Some paragraphs worth sharing:

…recently we crossed an important watershed: we now import more manufactured goods from the third world than from other advanced economies. That is, a majority of our industrial trade is now with countries that are much poorer than we are and that pay their workers much lower wages.

For the world economy as a whole — and especially for poorer nations — growing trade between high-wage and low-wage countries is a very good thing. Above all, it offers backward economies their best hope of moving up the income ladder.

But for American workers the story is much less positive. In fact, it’s hard to avoid the conclusion that growing U.S. trade with third world countries reduces the real wages of many and perhaps most workers in this country. And that reality makes the politics of trade very difficult.

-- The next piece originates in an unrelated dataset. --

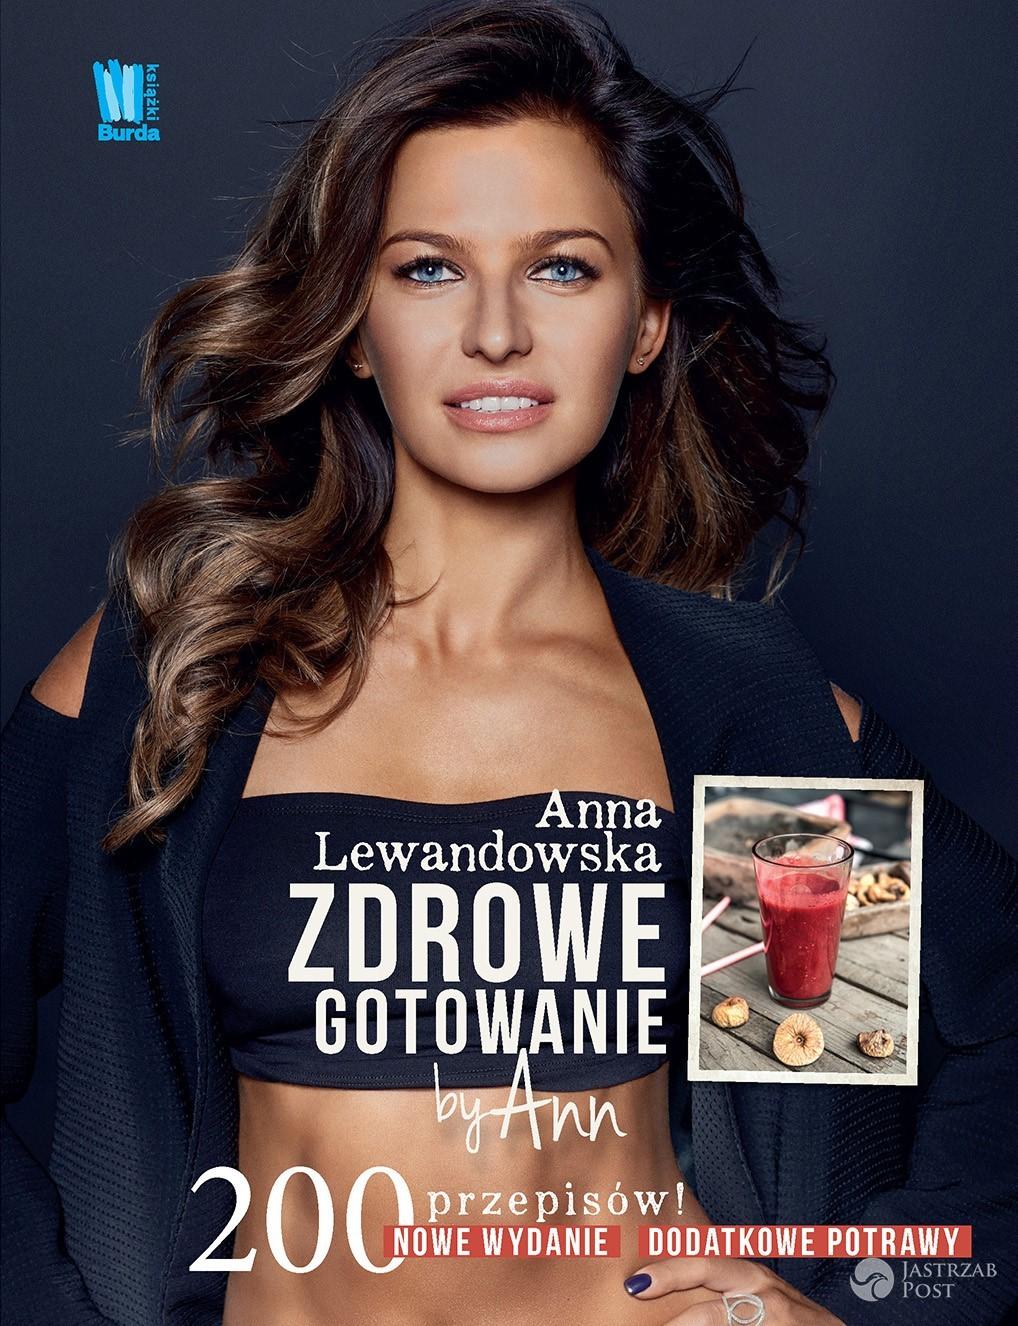 Anna Lewandowska ma zeza na okładce książki?
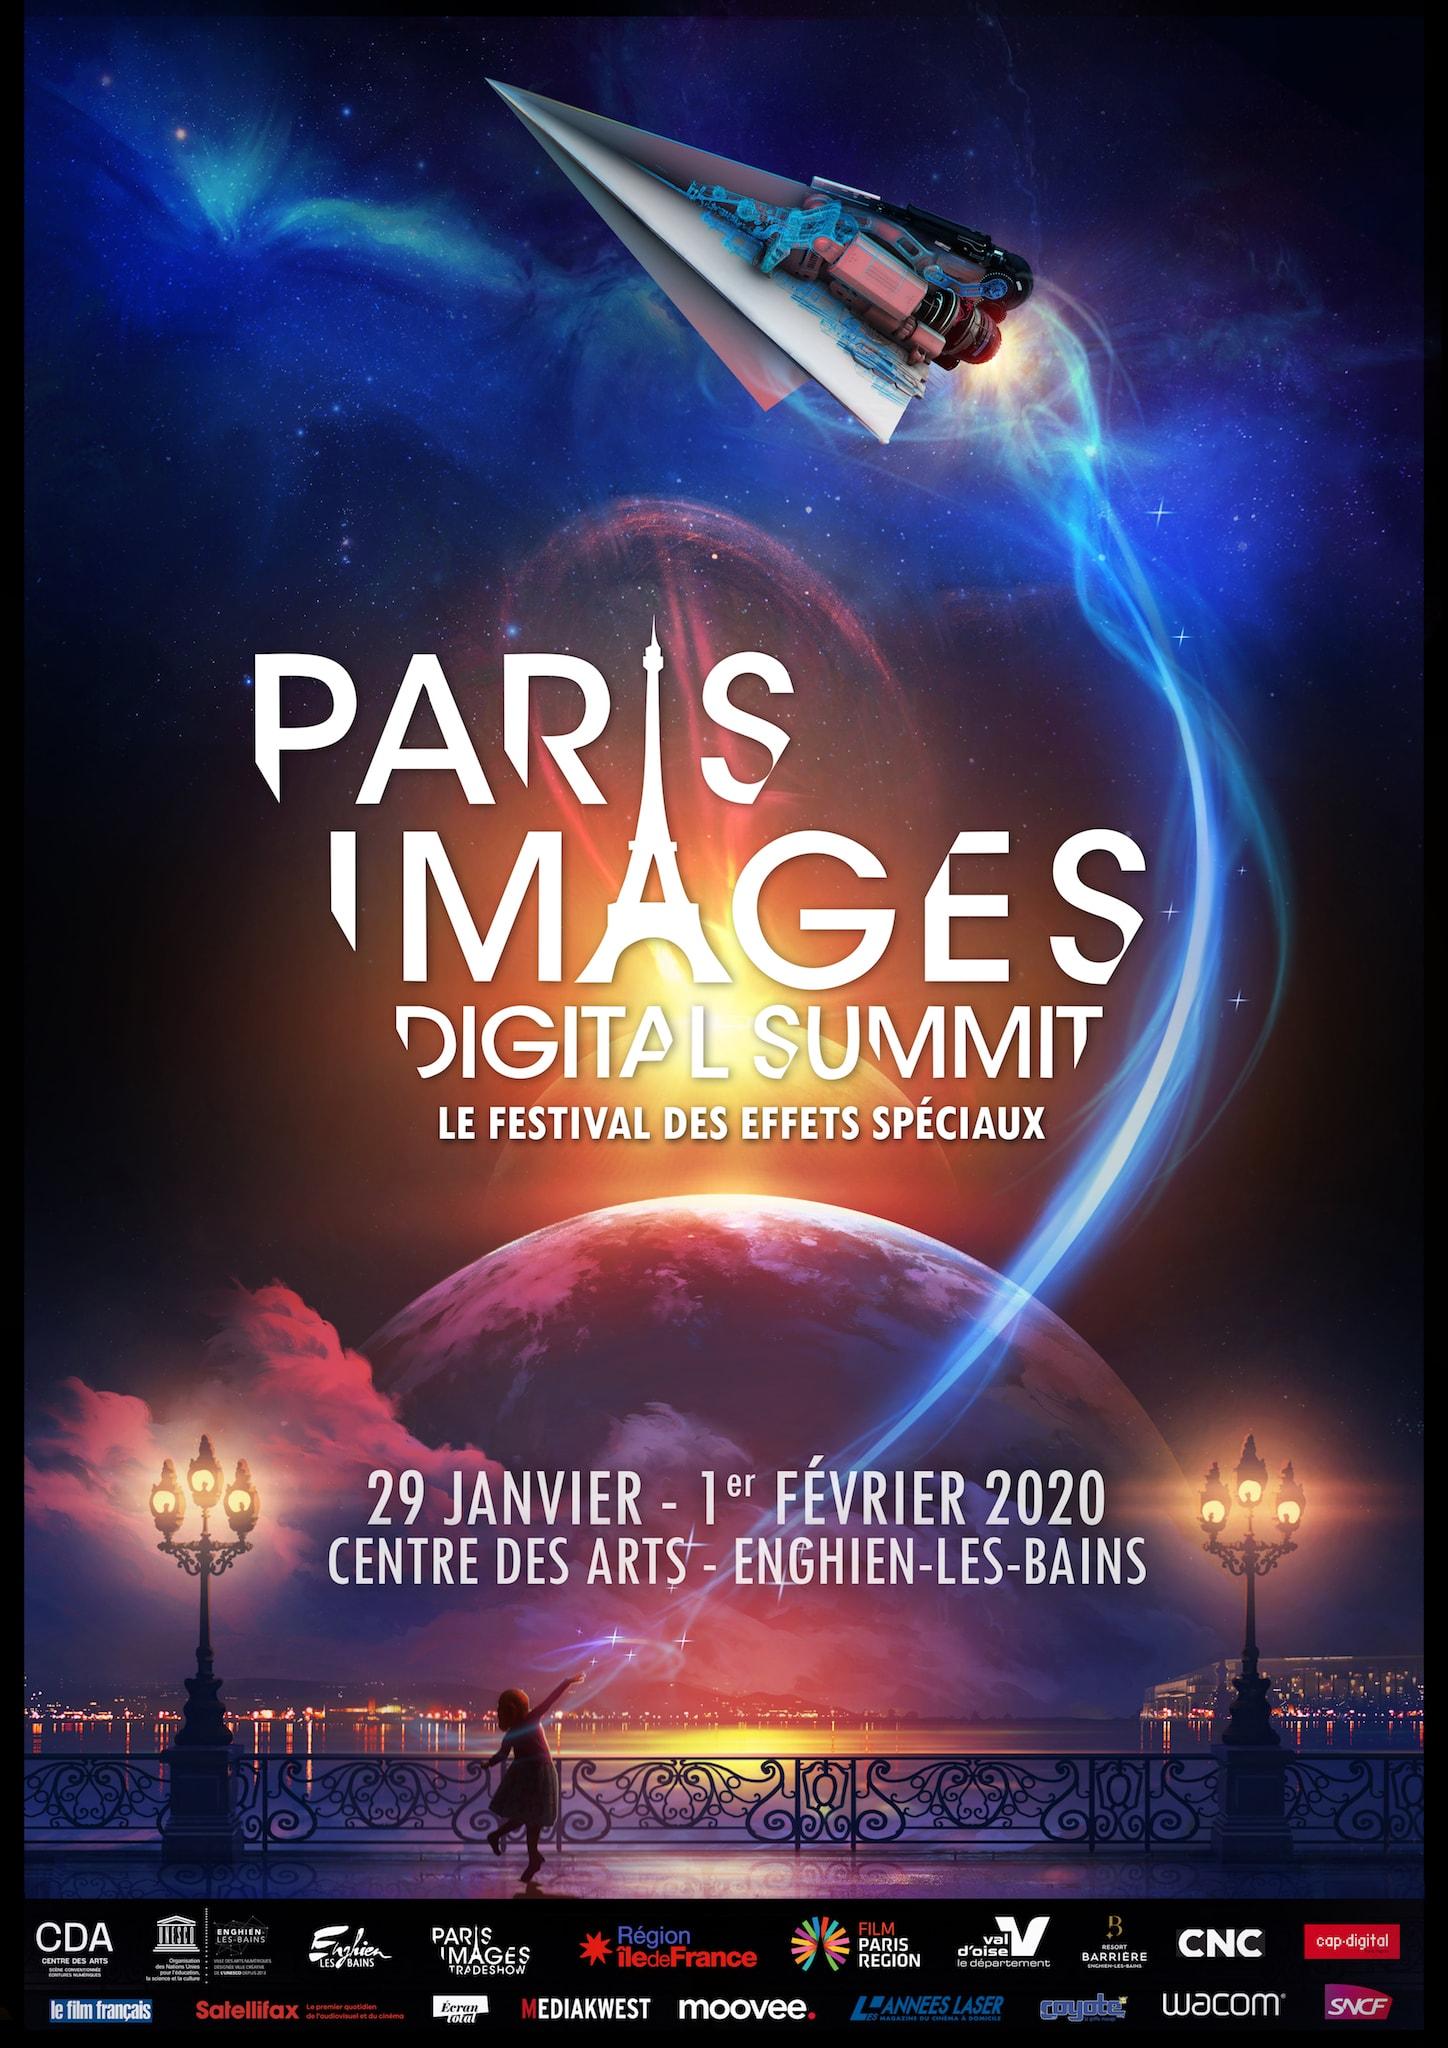 Paris Images Digital Summit 2020 affiche festival des effets spéciaux

This is perhaps one of the most fairly balanced assessments I’ve seen on free-trade recently.  The macro-economics behind the benefits of free-trade between nations is overwhelmingly positive, in terms of the aggregate economic gains.   But I’ve learned to be very suspicious of arguments that persist over long periods of time, between well-educated people, on topics that theoretically should be very simple.  If they really were that simple, you’d expect that over time, most well-educated people would resolve the discussion and move on.

The oscillation between free trade and protectionism doesn’t surprise me historically at a political level – it’s pretty easy to understand why the steel worker, seeing his wages drop and/or his local plant disappear, wouldn’t push politically towards protectionism.  But there has to be something more to this argument.  The macro-economics of this situation are clear: cheaper foreign steel means less money for domestic steel makers, but cheaper steel for everyone else in the country.  That may not be much consolation for the steel worker, but it is the answer on why free trade in the aggregate, tends to benefit the country more than it hurts it.

(No, I’m not going to touch the recent China poisoned toys issue.  Yes, it’s obvious that we need some amount of regulation to prevent poisoned toothpaste and lead-painted toys, etc.)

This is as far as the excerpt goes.